→ **Assigned task**:
Give exactly the lines from the one with "Daughters of the" through the final line of the listing below, both included, leaving out any pictures.

→ **Information shown**:

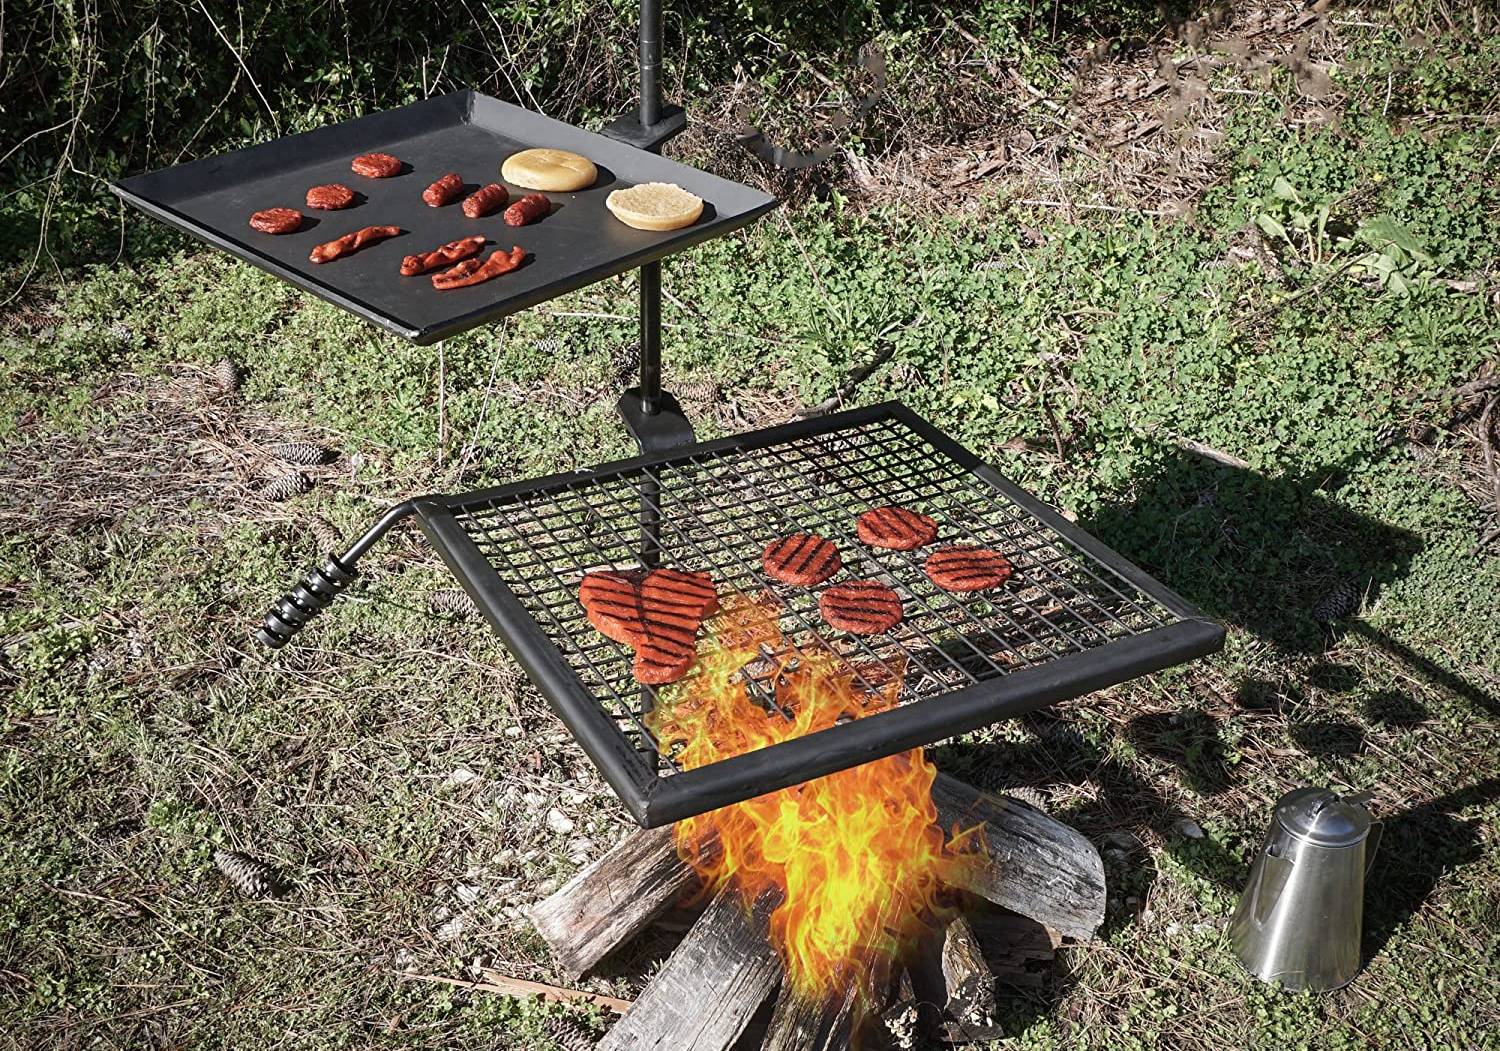 The Top 7 Fire Pit Grill Posts Compared
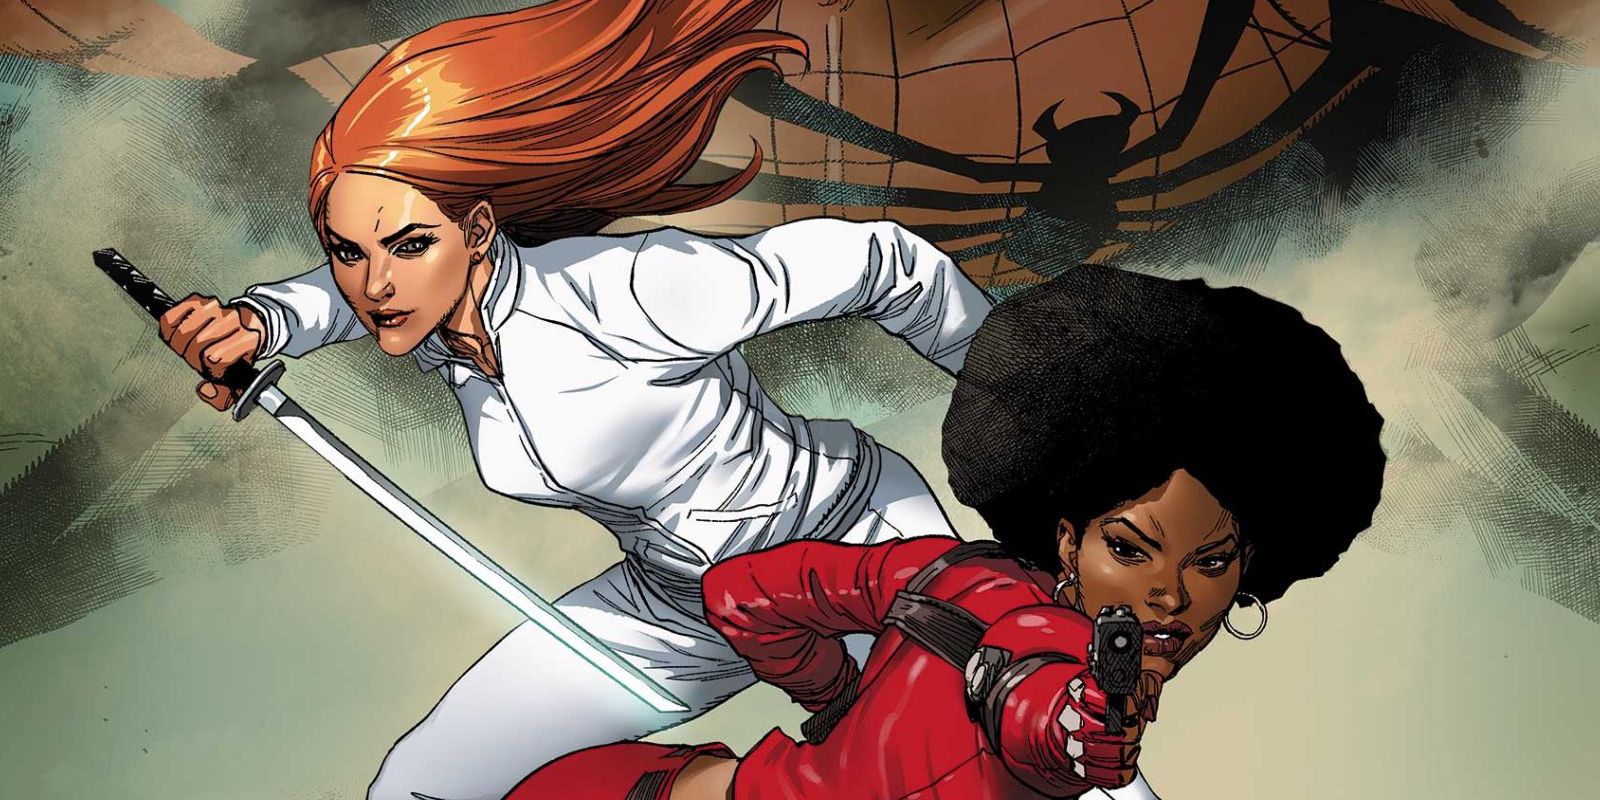 Daughters of the Dragon Misty Knight and Colleen Wing with Spider-Man's costume in the background.
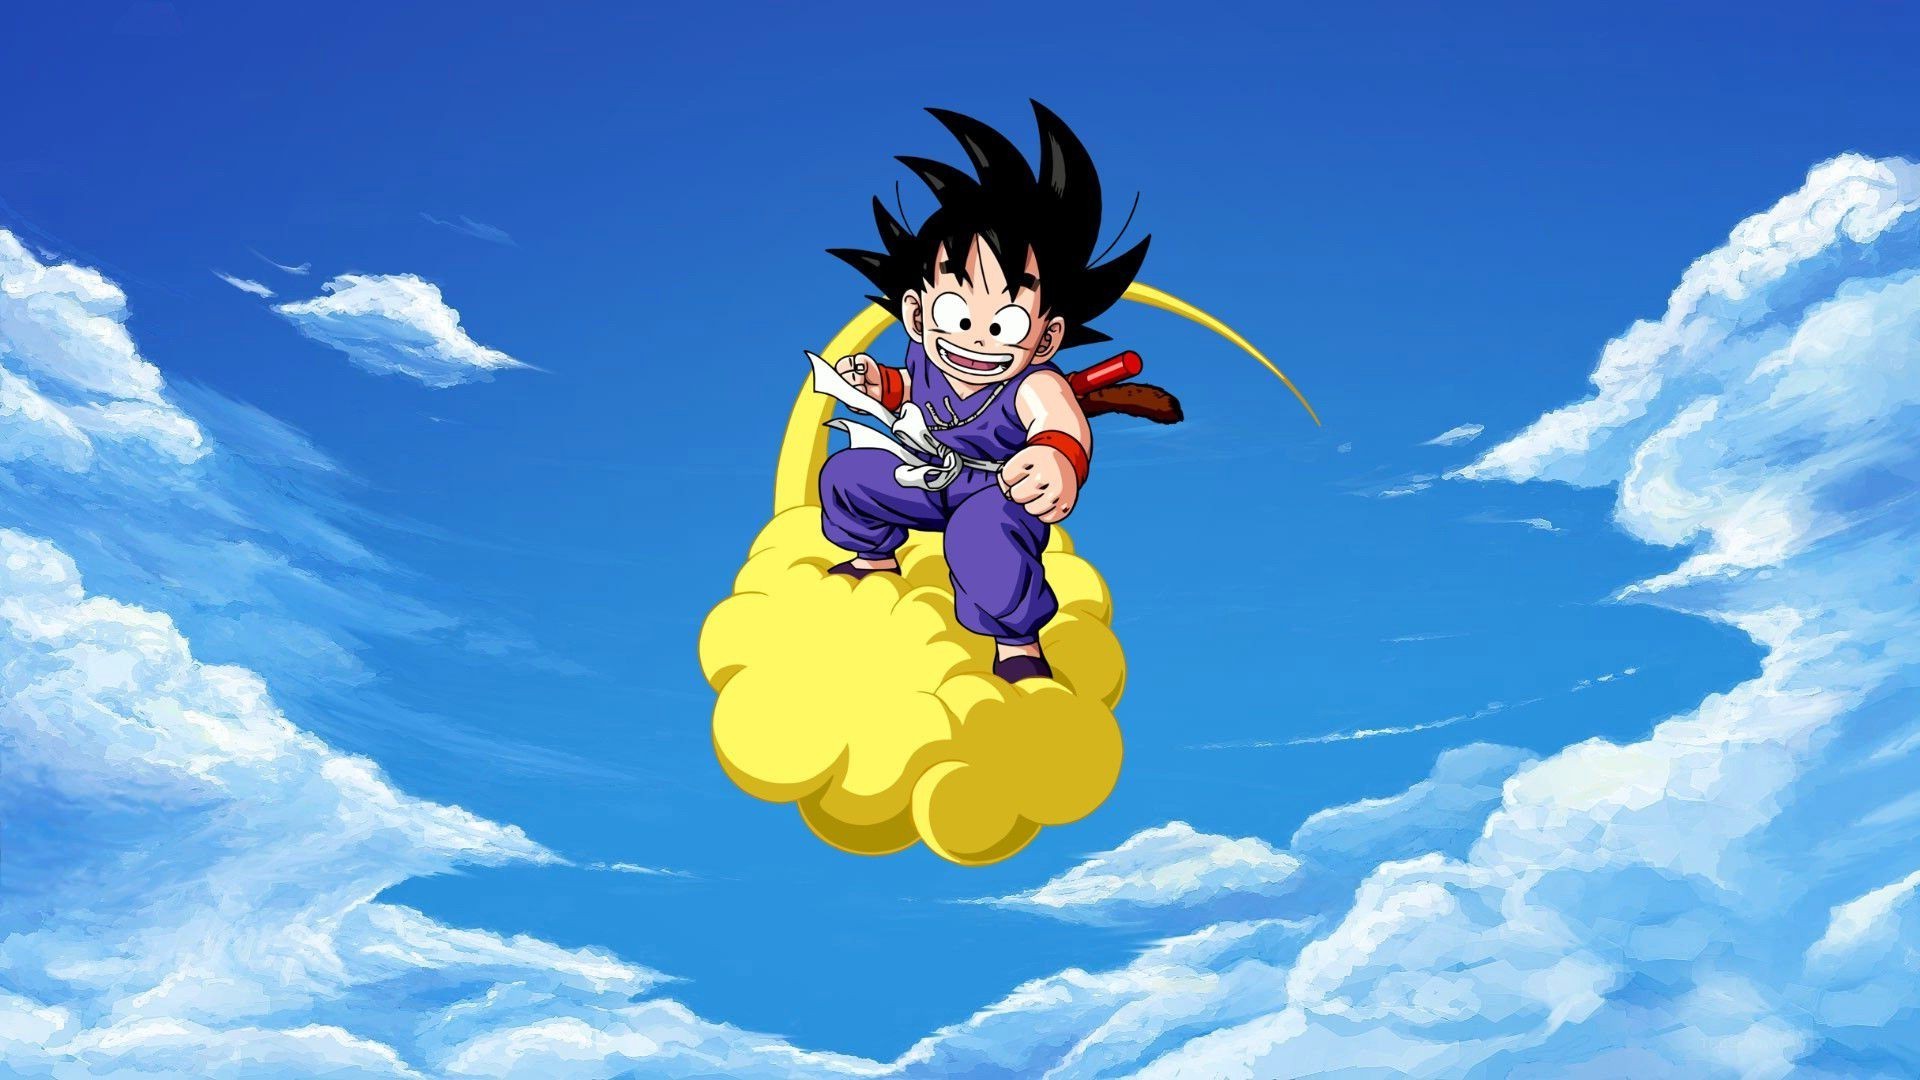 Wallpaper HD Kid Goku with image resolution 1920x1080 pixel. You can make this wallpaper for your Desktop Computer Backgrounds, Mac Wallpapers, Android Lock screen or iPhone Screensavers
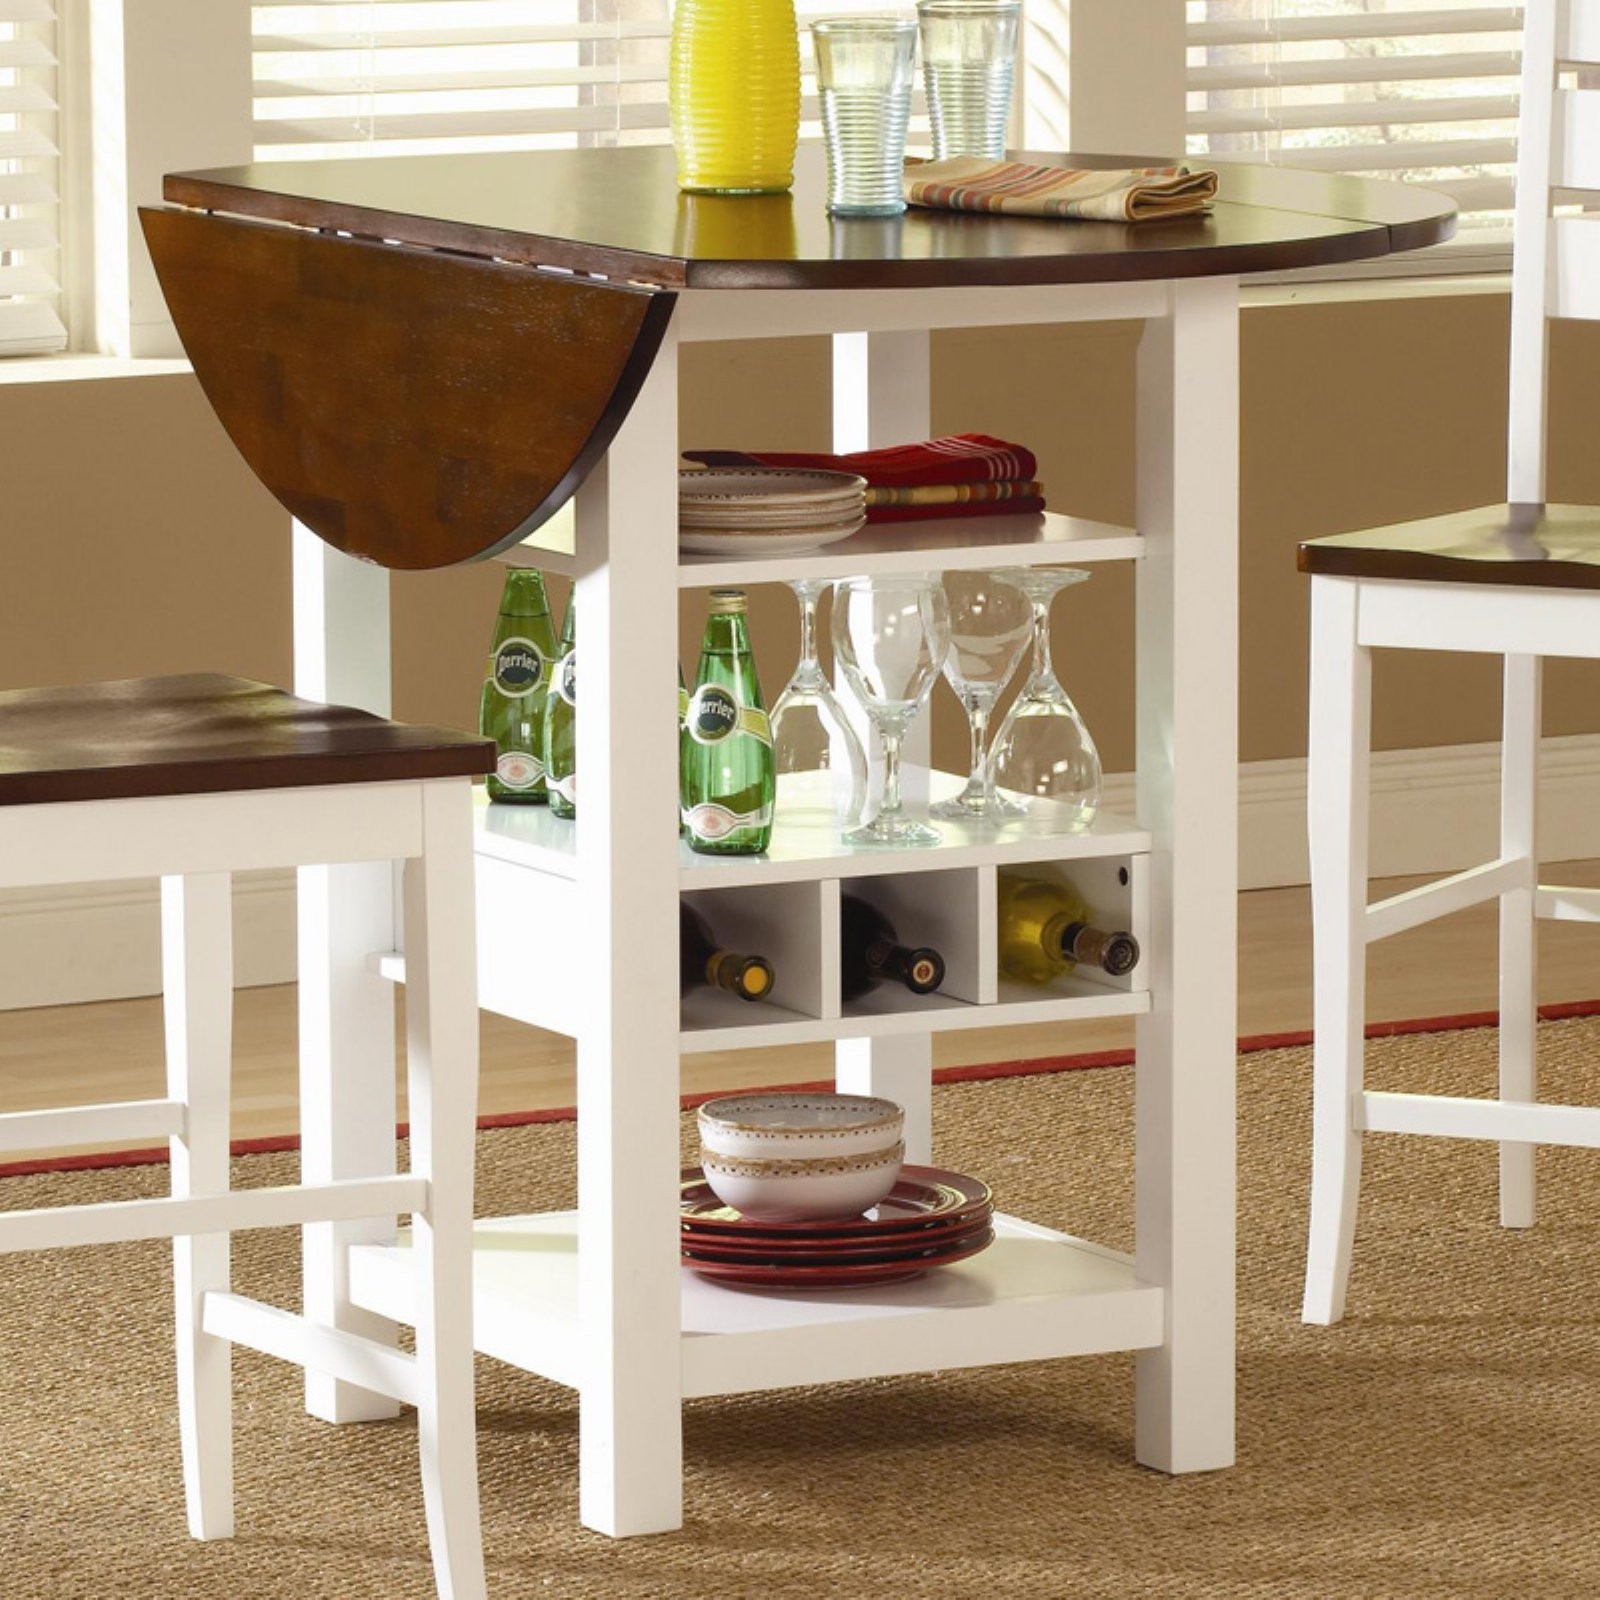 Ridgewood white round dining table with built in wine rack

→ **Result**:
 Daughters of the Dragon Misty Knight and Colleen Wing with Spider-Man's costume in the background.
 Wallpaper HD Kid Goku with image resolution 1920x1080 pixel. You can make this wallpaper for your Desktop Computer Backgrounds, Mac Wallpapers, Android Lock screen or iPhone Screensavers
 Ridgewood white round dining table with built in wine rack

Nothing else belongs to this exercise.